Invoice (PDF/Image) → OCR → Extraction → Validation → Auto-Correction → JSON Output
- OCR Agent — Extracts text from PDFs (PyMuPDF) and images (Tesseract), with GPT-4o vision fallback
- Extraction Agent — LLM-powered structured data extraction (11 invoice fields)
- Validation Agent — Rule-based checks (arithmetic, required fields, format)
- Correction Agent — Auto-fixes errors via rules + LLM re-analysis (max 2 retries)
- JSON Formatter — Standardized output with metadata (confidence, timing, corrections)
- LangGraph Orchestrator — Stateful pipeline with conditional correction loop
- REST API — FastAPI with Swagger UI documentation
- Web UI — React upload + status tracker + JSON viewer + download
| Layer | Technology |
|---|---|
| Backend | Python 3.11, FastAPI, LangGraph, langchain-openai |
| LLM | OpenAI GPT-4o (structured output, temperature 0) |
| OCR | PyMuPDF + Tesseract + GPT-4o Vision (fallback) |
| Frontend | React 18, TypeScript 5, Tailwind CSS, Vite |
| Infrastructure | Docker Compose |
- Docker + Docker Compose
- OpenAI API key (GPT-4o access)
# 1. Clone the repo
git clone <repo-url>
cd SmartInvoiceEngine
# 2. Set up environment
cp backend/.env.example backend/.env
# Edit backend/.env and add your OPENAI_API_KEY
# 3. Start everything
docker-compose up --build
# 4. Open the app
# Frontend: http://localhost:3000
# Backend API: http://localhost:8000
# Swagger UI: http://localhost:8000/docs# Backend
cd backend
python -m venv venv
venv\Scripts\activate # Windows
pip install -r requirements.txt
uvicorn app.main:app --reload --port 8000
# Frontend (separate terminal)
cd frontend
npm install
npm run dev| Method | Path | Description |
|---|---|---|
| POST | /api/process |
Upload invoice file (PDF/PNG/JPEG) |
| GET | /api/status/{job_id} |
Poll processing status |
| GET | /api/result/{job_id} |
Get extraction result (JSON) |
| GET | /api/health |
Health check |
| GET | /docs |
Swagger UI (interactive API docs) |
SmartInvoiceEngine/
├── backend/app/
│ ├── main.py # FastAPI entry point
│ ├── config.py # Environment configuration
│ ├── api/ # REST endpoints + schemas
│ ├── agents/ # OCR, Extraction, Validation, Correction, Formatter
│ ├── orchestrator/ # LangGraph workflow + state
│ ├── models/ # Pydantic domain models
│ ├── prompts/ # LLM prompt templates
│ └── utils/ # Logging utilities
├── frontend/src/
│ ├── components/ # Upload, Status, Result, Download
│ ├── services/ # API client (Axios)
│ ├── types/ # TypeScript interfaces
│ └── hooks/ # Processing hook
├── test-invoices/ # Sample invoices for testing
├── docs/ # BRD, architecture diagram, plan
└── docker-compose.yml
See docs/architecture.mmd for the full Mermaid diagram.

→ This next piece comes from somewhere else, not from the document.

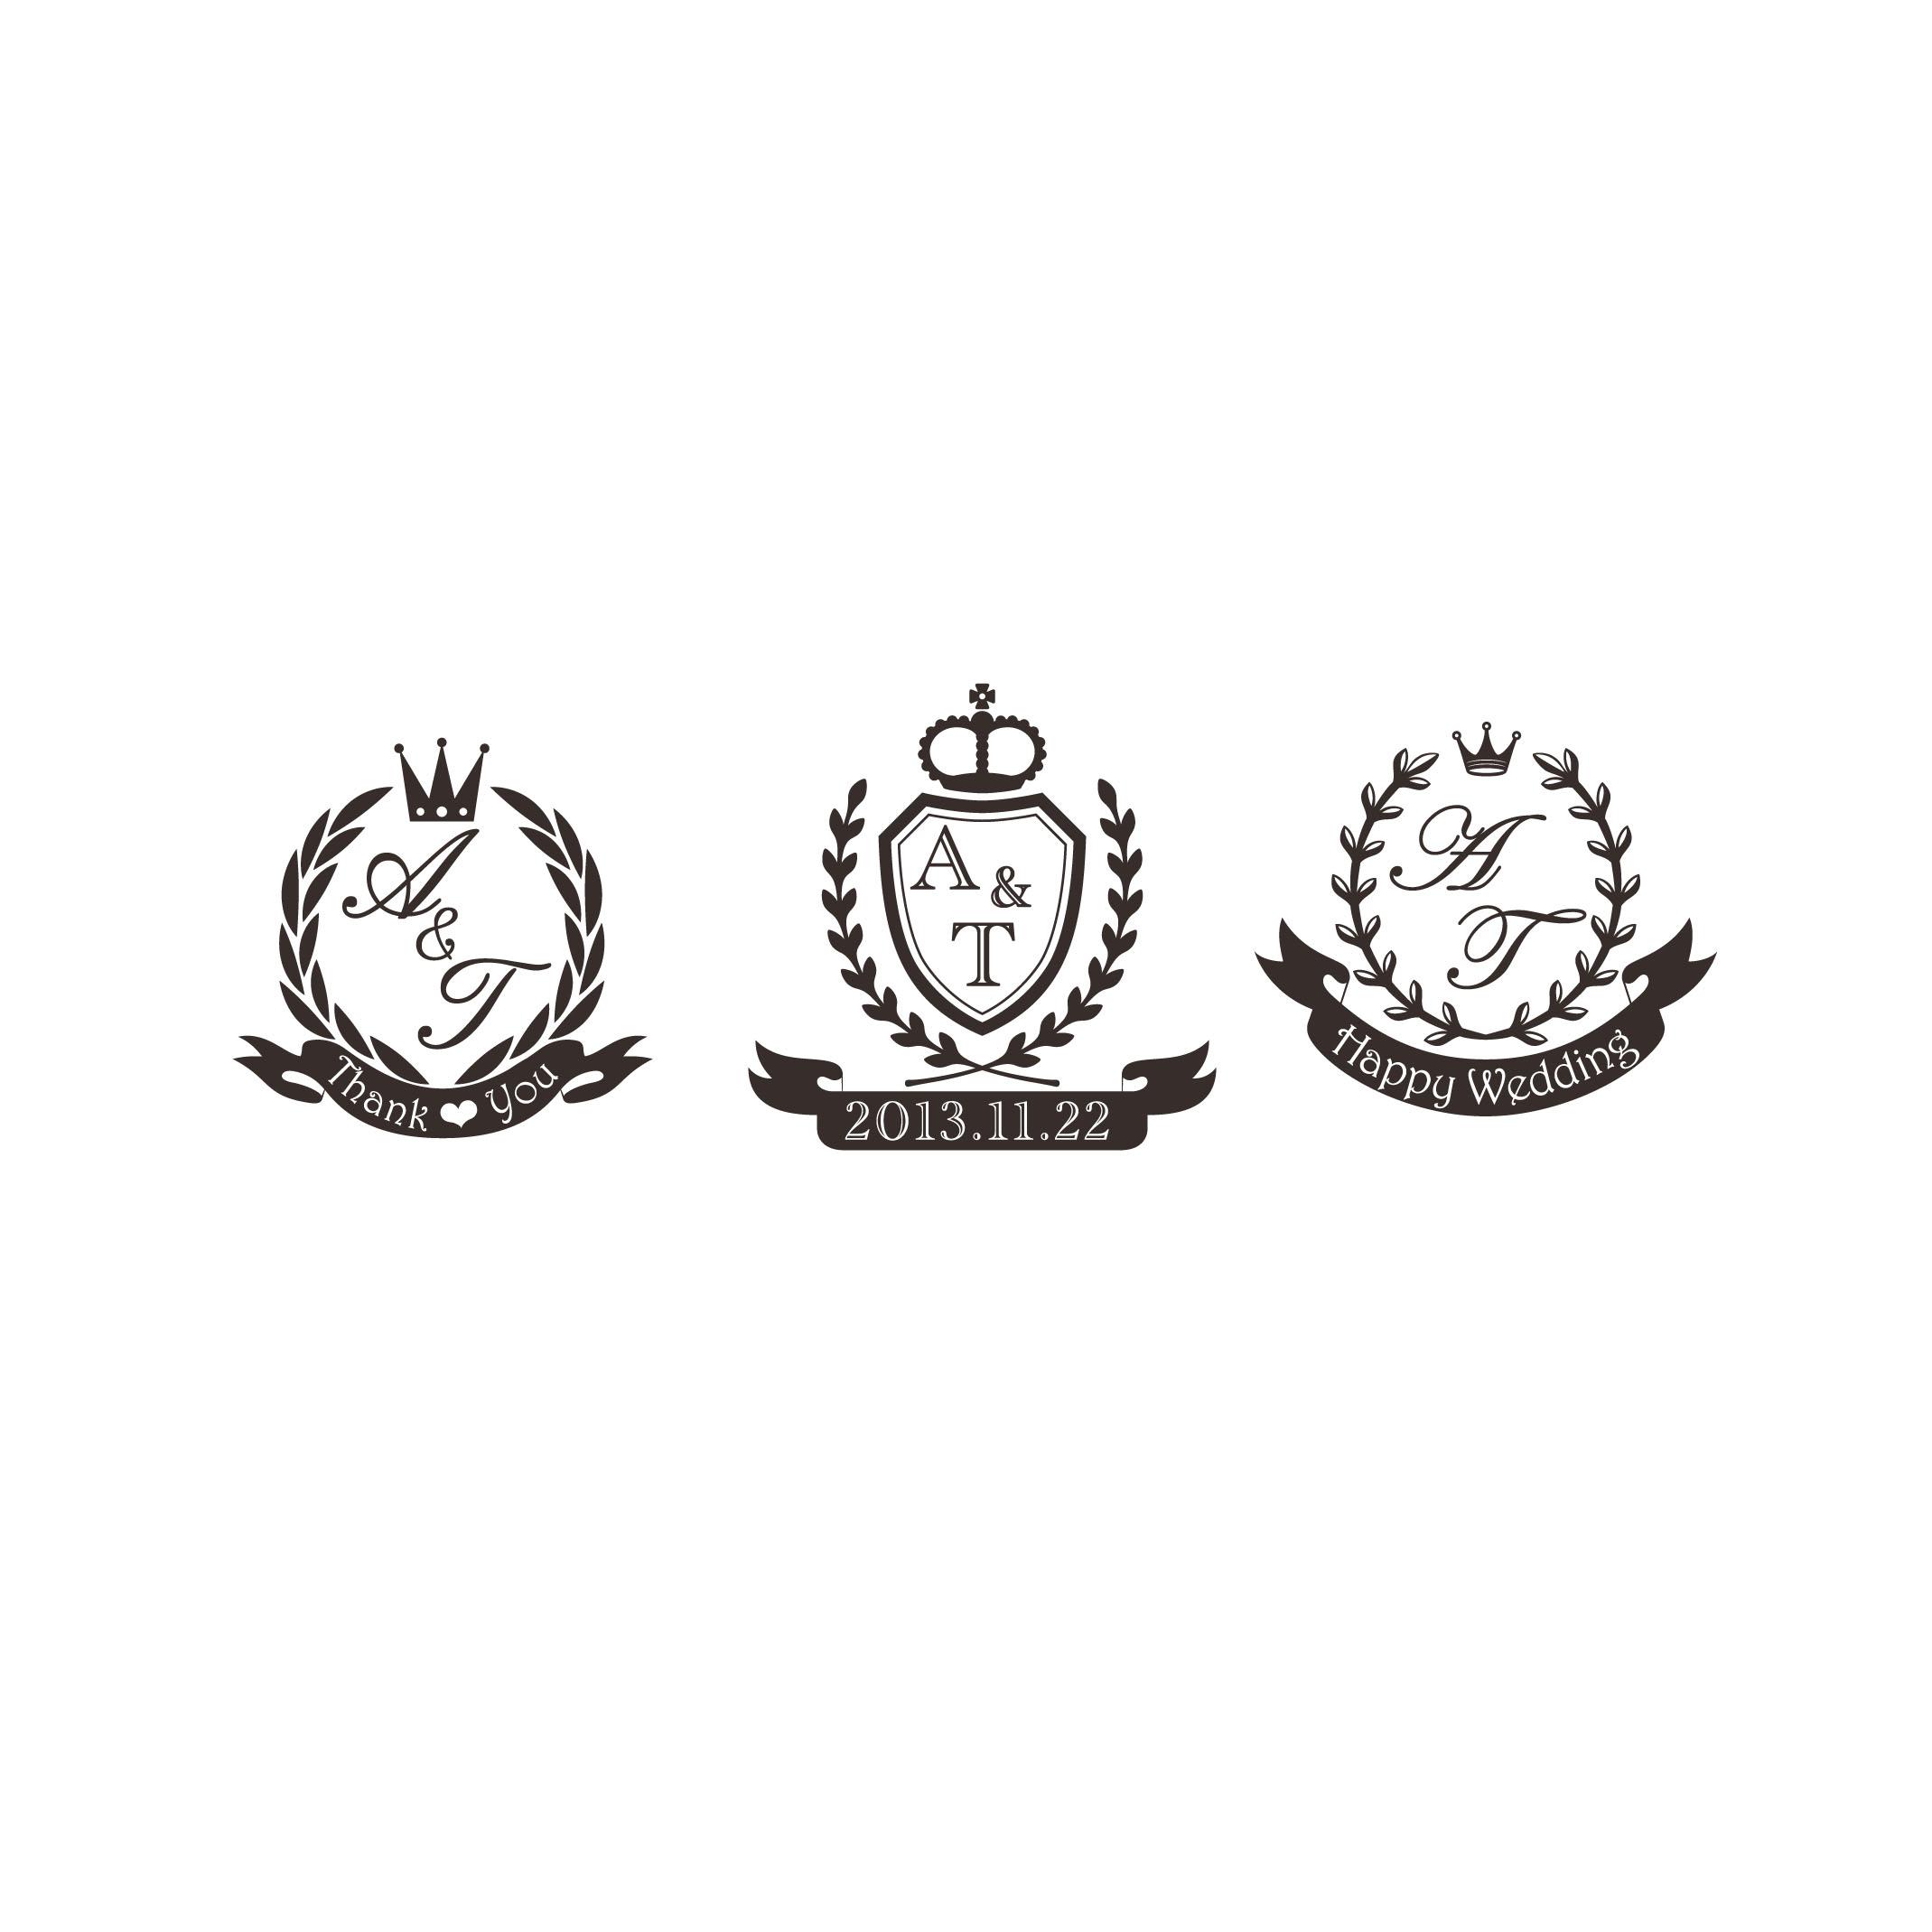 結婚式★イニシャルロゴ作成します!
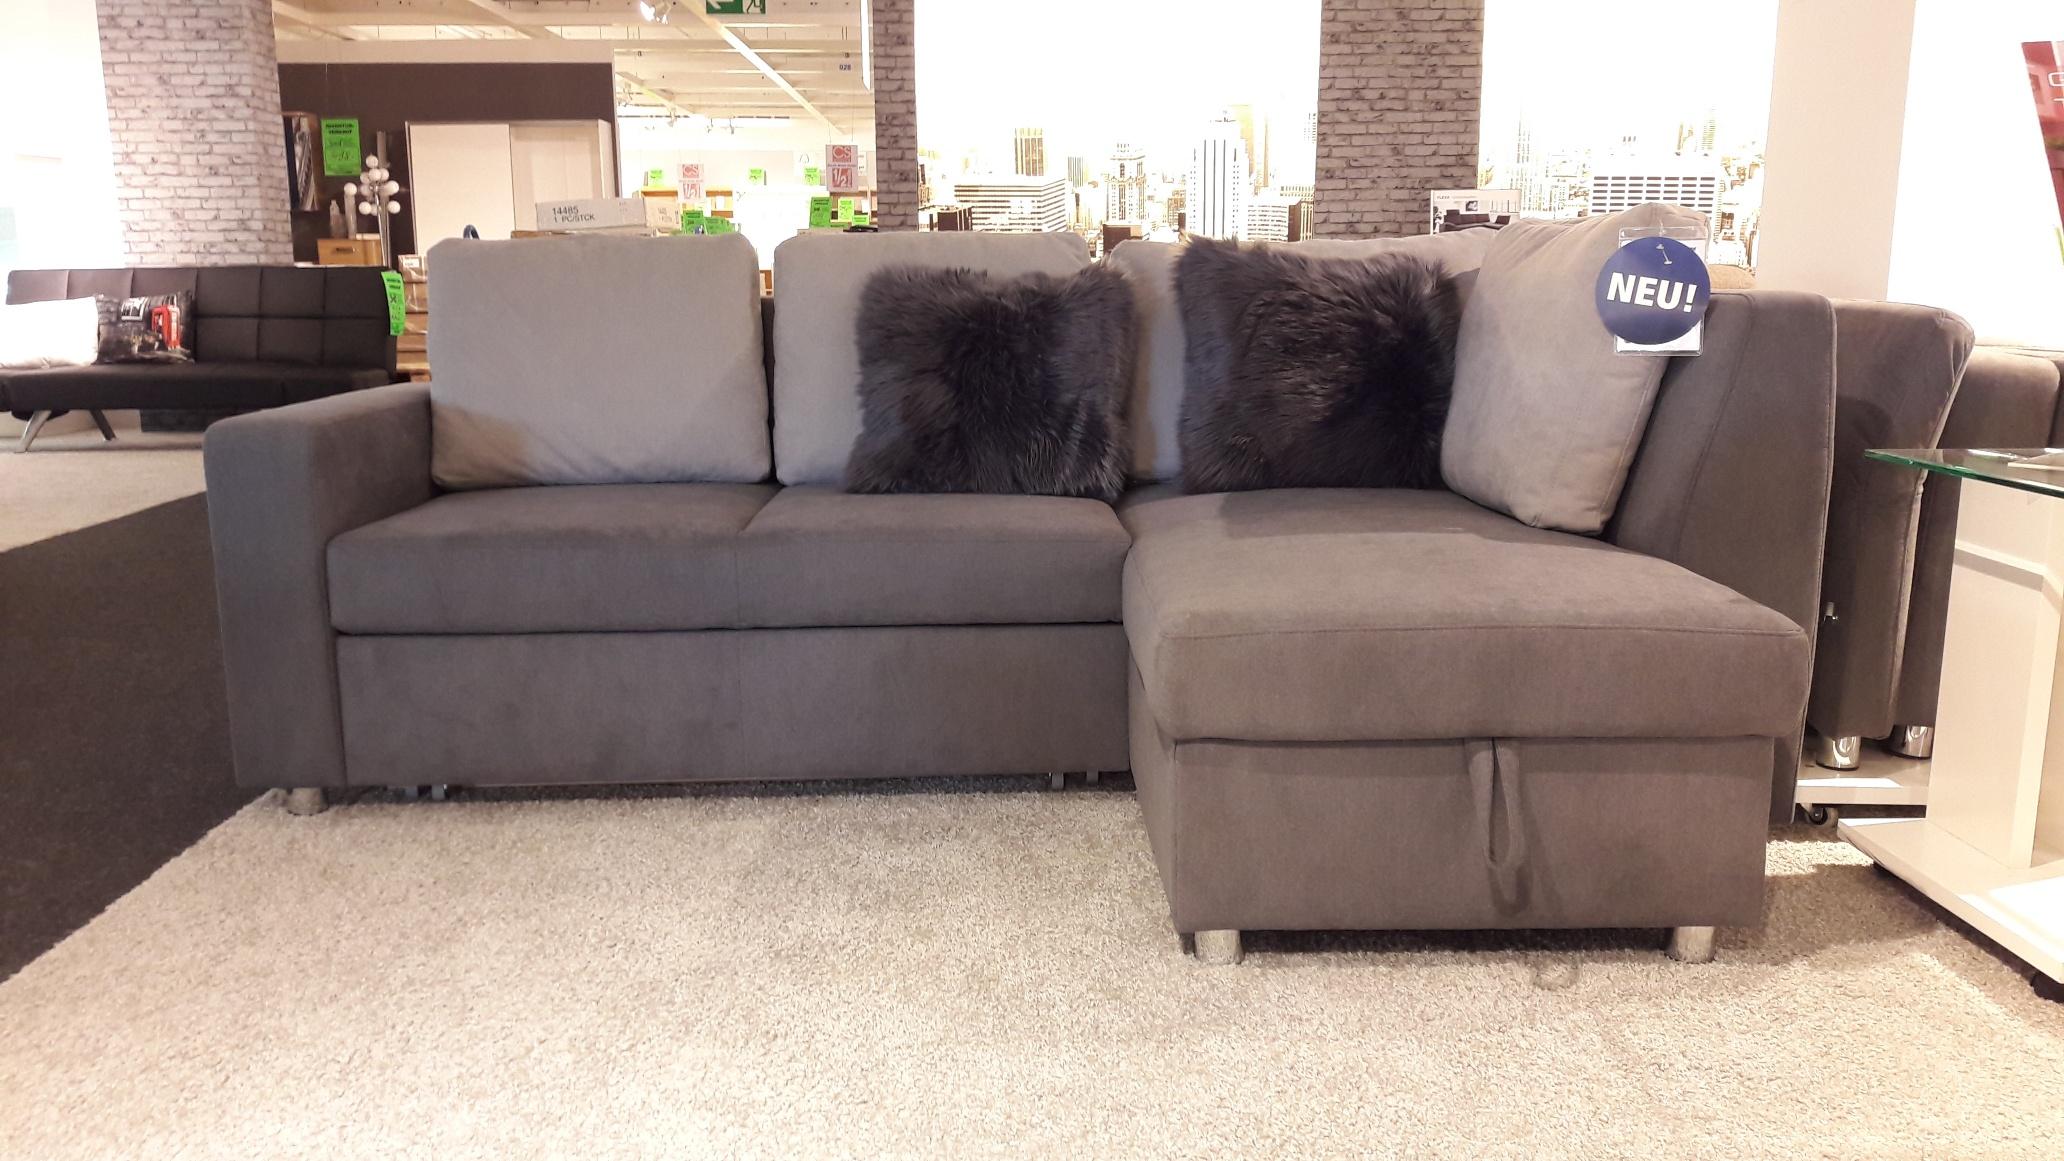 steinpol poco schlafsofa westpoint m bel fischer. Black Bedroom Furniture Sets. Home Design Ideas

┌────────┐ ┌─────────┐ ┌───────────────────────────────────────┐
│ User │────▶│ React UI│────▶│ FastAPI + LangGraph Orchestrator │
└────────┘ └─────────┘ │ │
│ OCR → Extraction → Validation │
│ │ │
│ pass/fail │
│ ↓ ↓ │
│ Formatter Correction │
│ (loop back) │
└───────────────────────────────────────┘
│ │
▼ ▼
Tesseract/PyMuPDF OpenAI GPT-4o
| Phase | Status |
|---|---|
| Phase 0: Planning & Scaffolding | ⬜ In Progress |
| Phase 1: Core Agents | ⬜ Not Started |
| Phase 2: Correction + Orchestrator | ⬜ Not Started |
| Phase 3: API + Frontend | ⬜ Not Started |
| Phase 4: Integration Testing | ⬜ Not Started |
| Document | Description |
|---|---|
| REQUIREMENTS.md | Frozen scope contract |
| SPEC.md | Technical specification (source of truth) |
| docs/PLAN.md | 2-week execution plan |
| DEPENDENCIES.md | Build order graph |
| CHECKPOINTS.md | Phase gate criteria |
| DELIVERABLES.md | Demo checklist |
| FUTURE_VISION.md | Full product vision |
| MVP_PREVIEW.md | What the demo looks like |
| docs/BRD.md | Business requirements |
| docs/architecture.mmd | Architecture diagram |
Internal project — not for public distribution.